Hope you have a great weekend.
Kimmy
I wish I could have witnessed that! (Pat says to quit picking on little old ladies...maybe he's never had a zit on his ass the size of Texas and doesn't realize how it can ruin a perfectly good week!! lol)
And just think...the waiting is torture, but you haven't gotten the phone call yet because someone up there is picking out the most perfect, beautiful, loving little girl made to fit into only yours and Darryl's arms. She will come and you won't even remeber the waiting, you will just know that the excruciating wait was the perfect amount of time for her to be ready to become a part of your family. Keep your spirits up...sigh...and who cares if you're late for work, keep dreaming and holding your little girl.
Andrea i am laughing so hard right now i am crying.
All of us reach the end of our rope and unfortuniatly for that lady that was your end....lol but i do have to say you probaly gave her ALOT to think about and she will tell a good many people about your story....if she can remember it.lol
On a more serious note. i am NOT going to tell you to just relax or that everything will happen fast cause we all know that this is something that takes time. Maybe more time then you (and all of us) want.
YOU are going to be a fabulous mother and this experience will help you be the parent you have always wanted to be. You will be a mother who takes all her wisdom that her mother taught her and inbed it in your little girl. And Im sure one day when she decides to do the same as you (adopt) she will be able to relive your story of how you received your beautiful little girl. which she will be truly grateful to have be givin such a beautiful mother and father!
so please keep on smiling and dont forget to lose it once in a while we all are allowed "once in a while" to go NUTTS( as you would put it).
Keep dreaming of your little girl and hold her close and one day this dream will end with her in your and darryls arms.
we love you guys and wish you guys all the best in this life experience!
BJ, Jim, Jorja< & Syd! xxoxoxo
LOL LOL LOL!!!! Thank goodness for Darryl that you got it out on some lady worried about a darn parking spot!
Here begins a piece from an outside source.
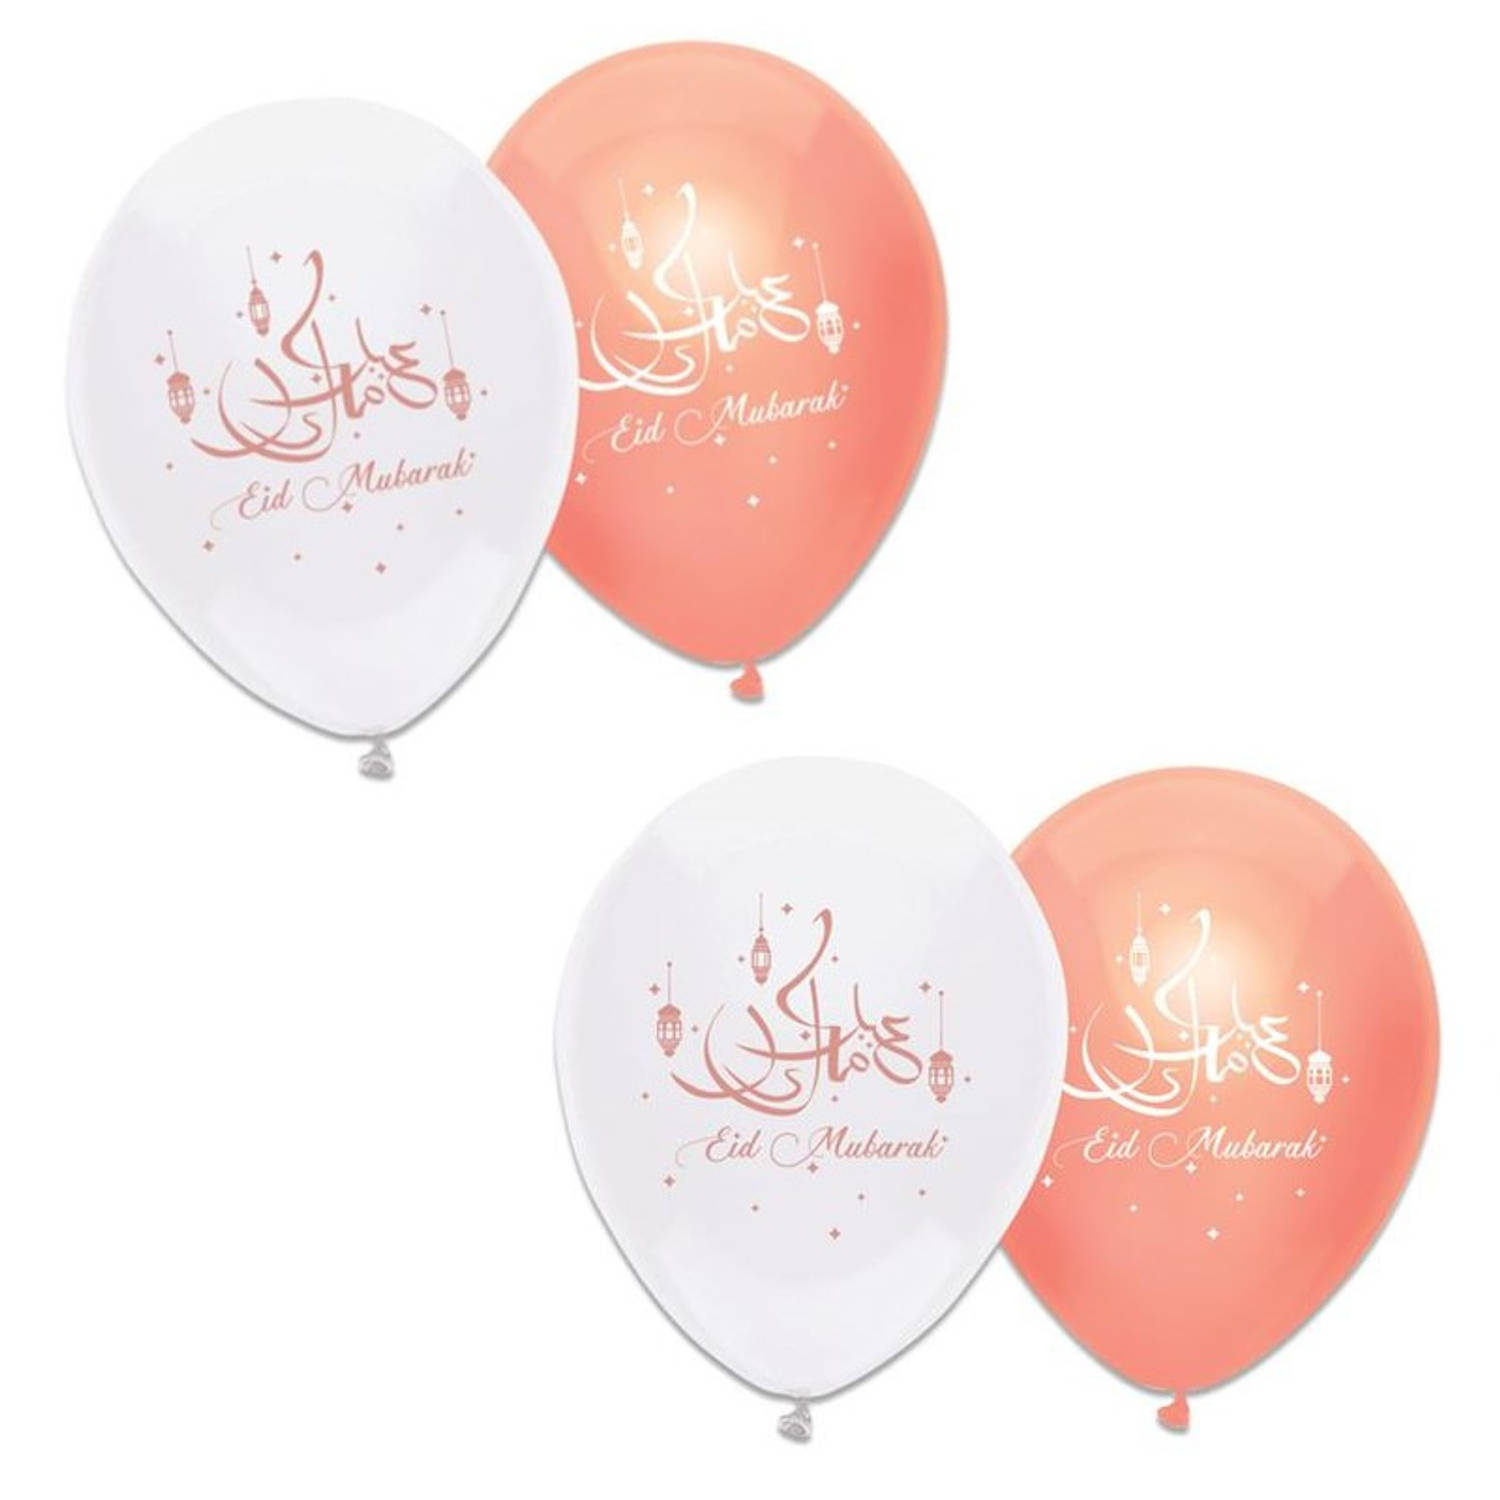 6x stuks Suikerfeest/offerfeest versiering metallic ballonnen wit/roze 30 cm - Ballonnen

Some people have nothing better to do. You probably got it all out haha! You know Annie... once you have your little Amara and life is crazy and no time to get anything done is when you learn how to multi-task! It's amazing what you can do in 10 minutes! You'll see. How can you ever compare yourself to us mothers who ALEADY have children! You are waaaaaaay to hard on yourself. I don't believe that being a mom comes naturally... I believe that we all have to start somewhere and one day at a time. We learn as we go. Maybe we're just good at making it look good in front of people haha! What shows the most is the love that we have for our children. You already have so much love for your little girl and she isn't even here yet. Not to mention your friends and family... look at how much you care for your friends and what you do for them!!!! I know!! You are one of the best friends that anyone could have and that is only the start. You have so much to offer and so much to learn yes but we all do and still do!! UH OH.... ahhhh.... Colton is up and probably waking up Graidon from his nap!! LOL We're always thinking of you... unfortunately we don't always have the time to express it as much as we should but we do!! Hang in there... you're little girl will be here and then you will look back on this moment as a memory. Love you!! Can us any time!! OK... better get to them!!!